> To do
Give again, character for character, the lines that lie between the first line of the material and the line with "m. Vishes Ethno", inclusive. Omit pictures.

> Information shown
****************************************

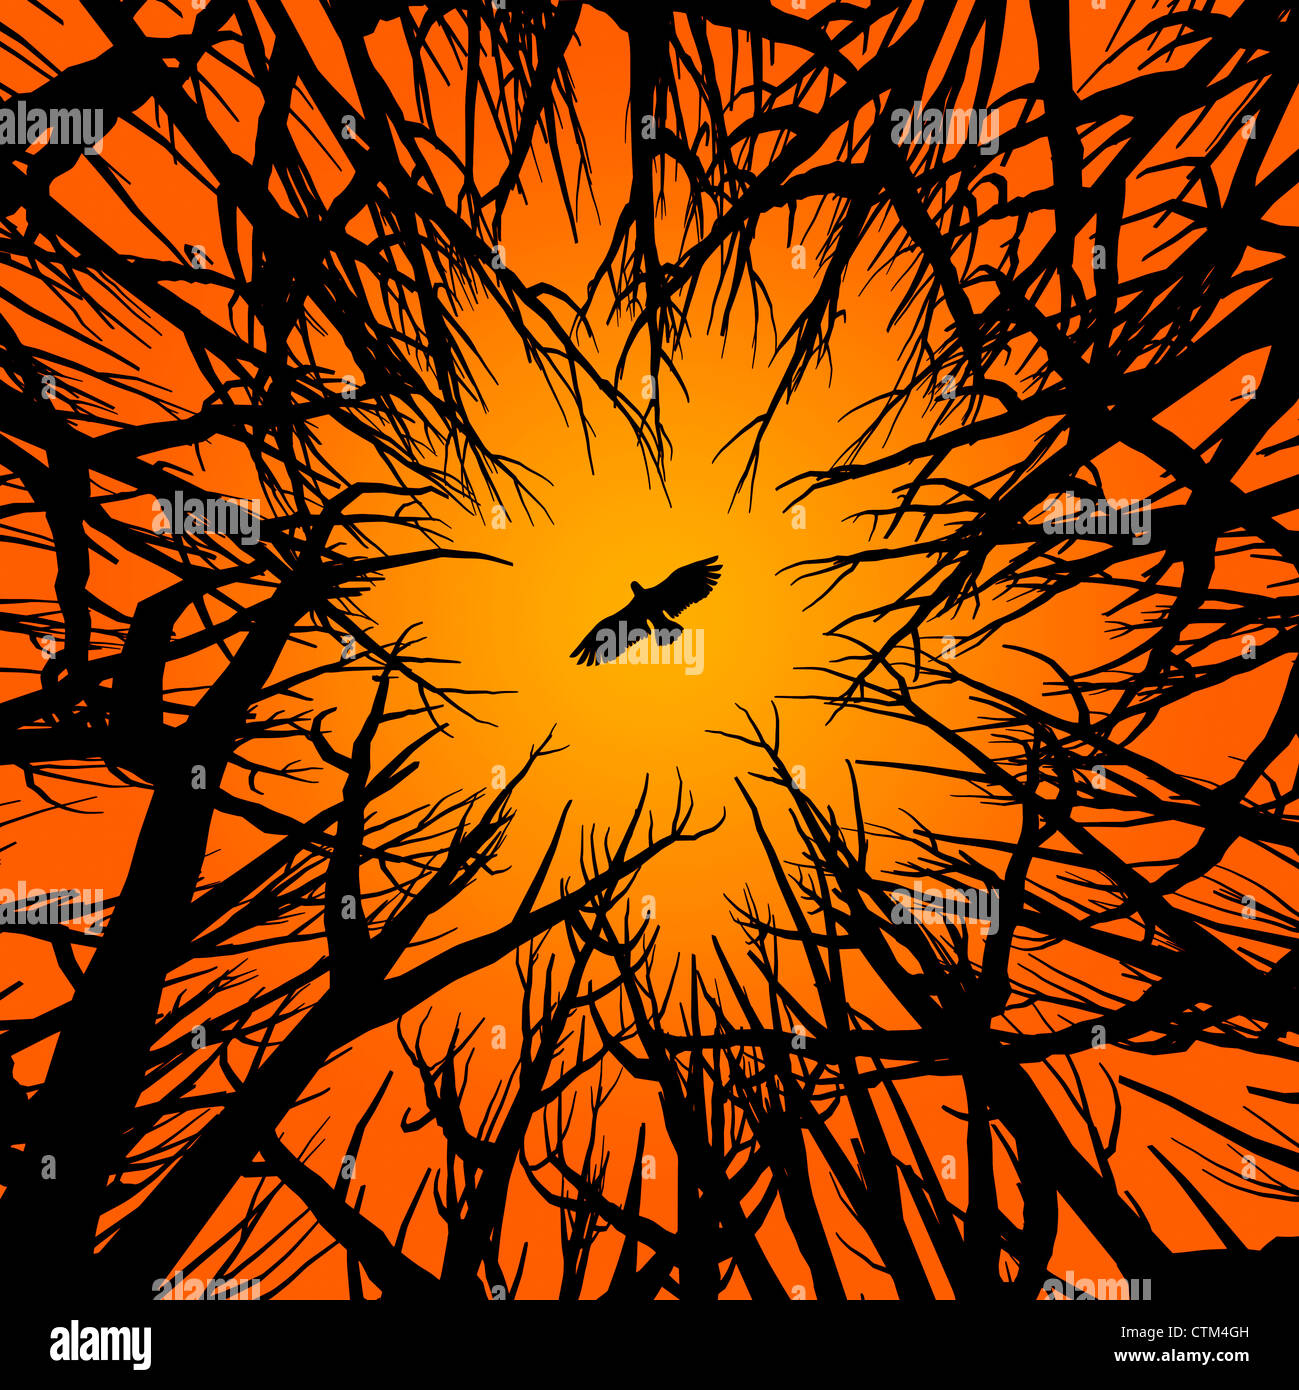 Illustration (Vektor-Stil) der Silhouette von Bäumen und einem fliegenden Raubvogel unter orangefarbenen Himmel Stockfoto
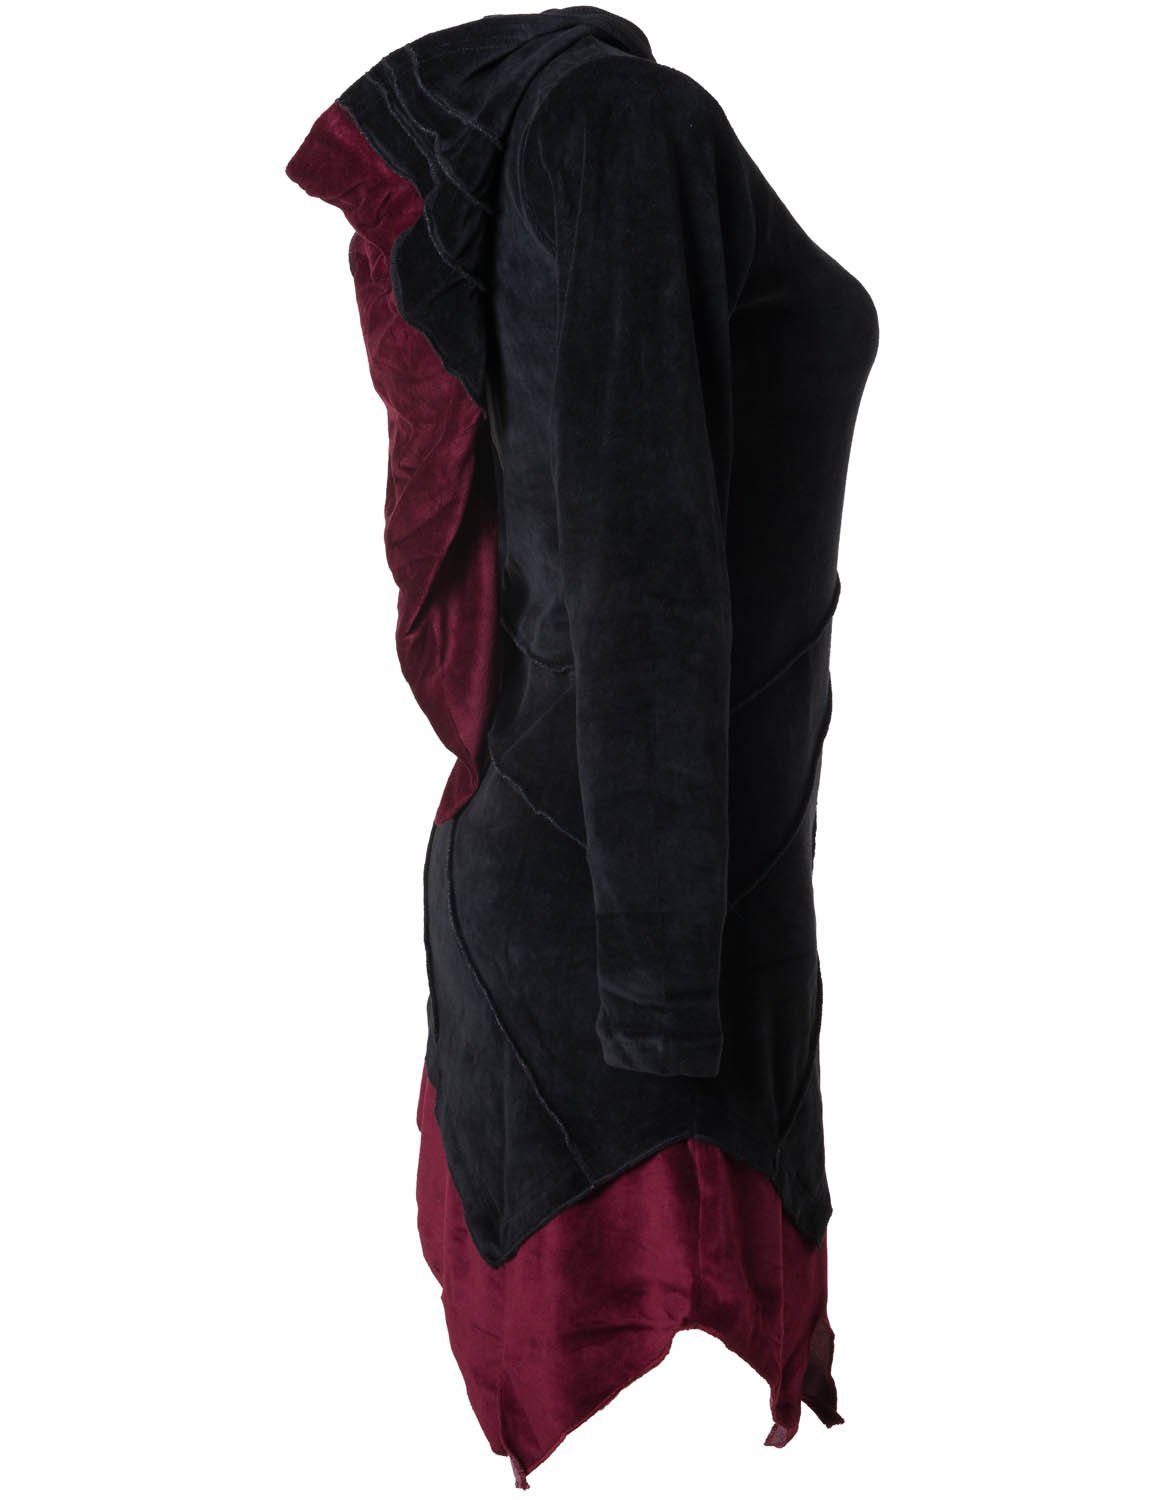 m. Vishes Ethno Zipfelkleid schwarz Gothik, Elfenkleid Hippie, Zipfelkapuze Style Asymmetrisches aus Samt
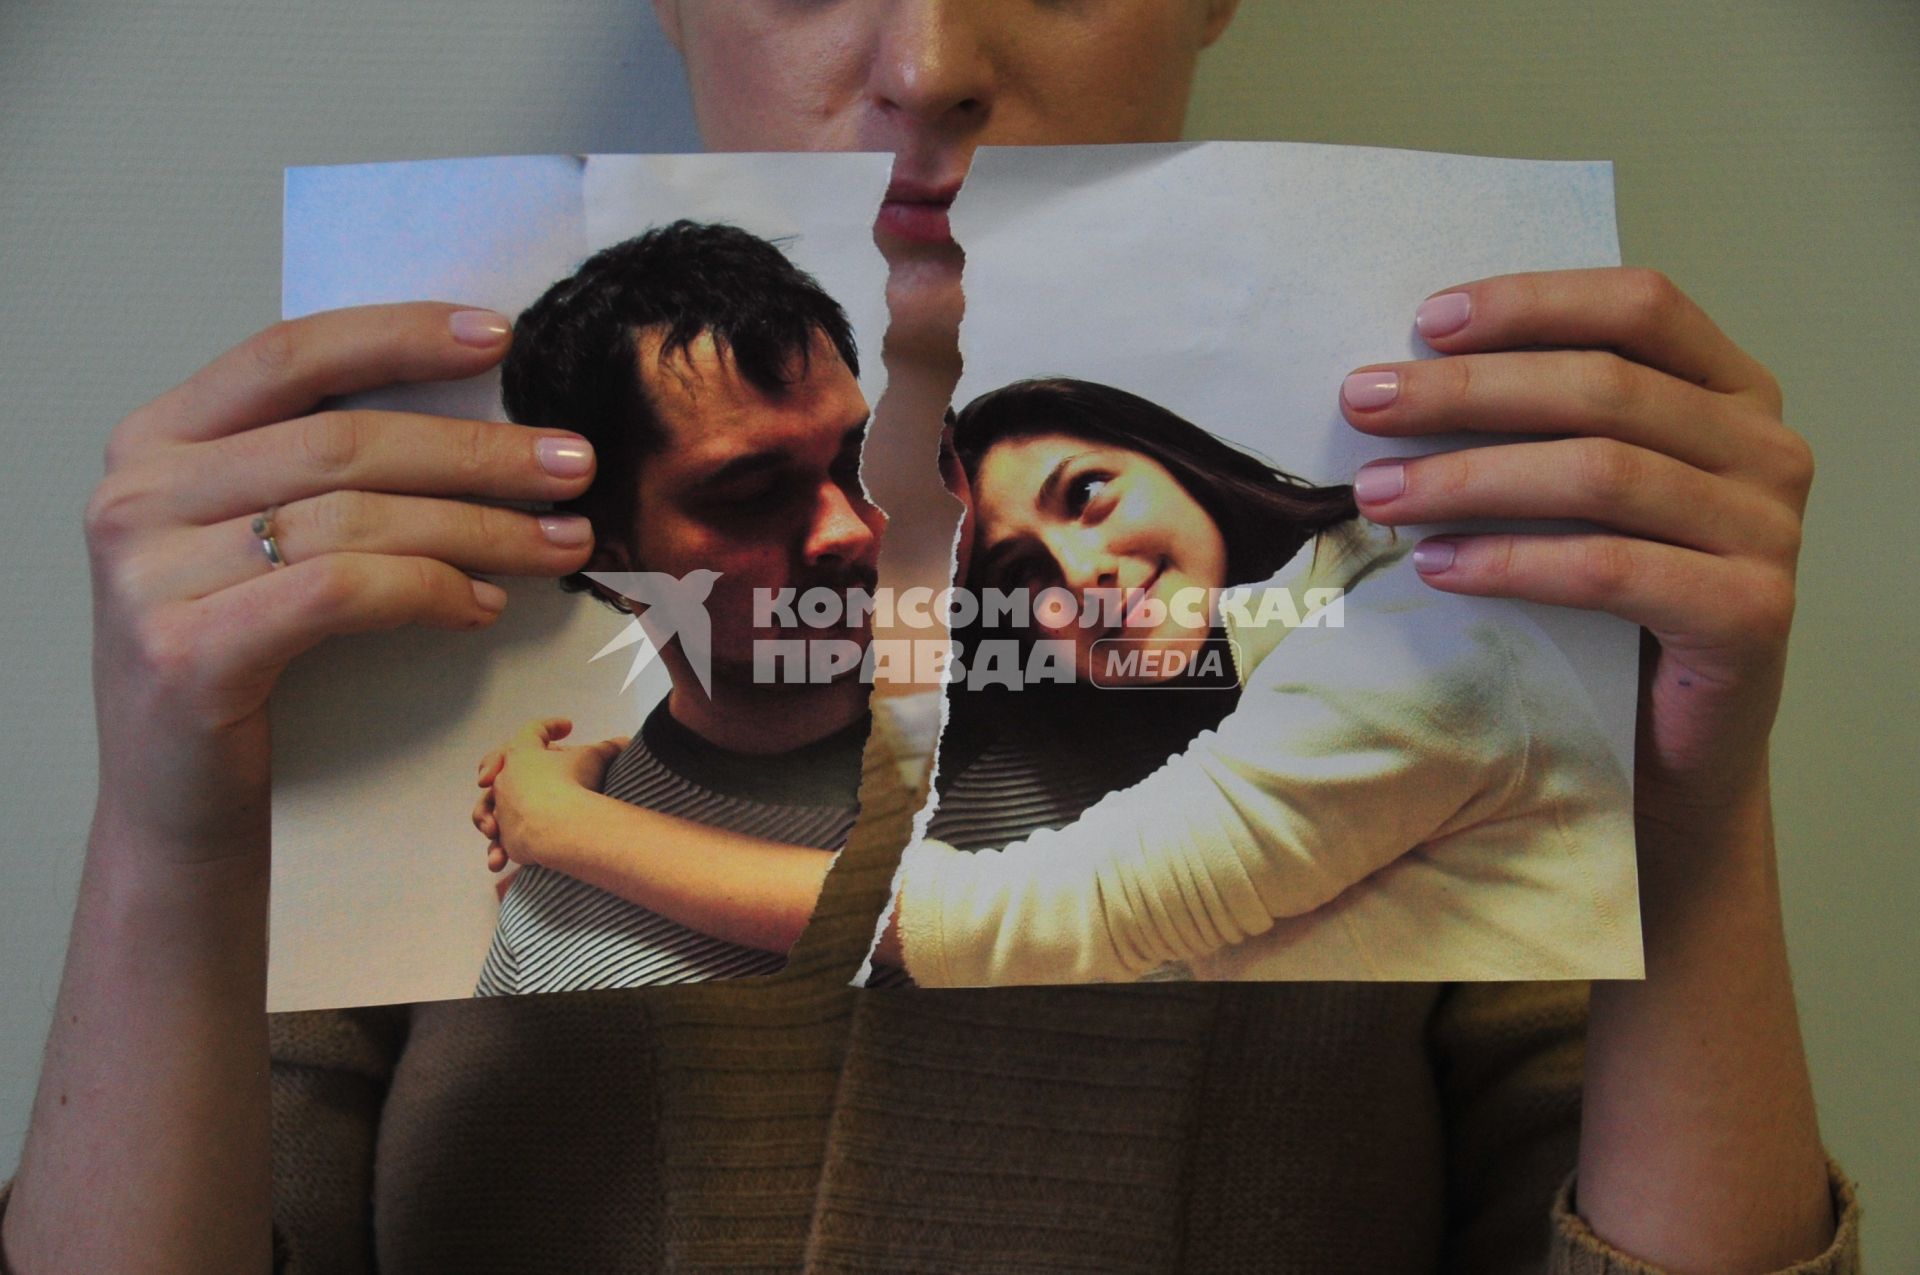 Жанровая фотография. На снимке: девушка разрывает фотографию, изображающую влюбленную пару.

****************************************

> Response to this exercise
 Illustration (Vektor-Stil) der Silhouette von Bäumen und einem fliegenden Raubvogel unter orangefarbenen Himmel Stockfoto
 m. Vishes Ethno Zipfelkleid schwarz Gothik, Elfenkleid Hippie, Zipfelkapuze Style Asymmetrisches aus Samt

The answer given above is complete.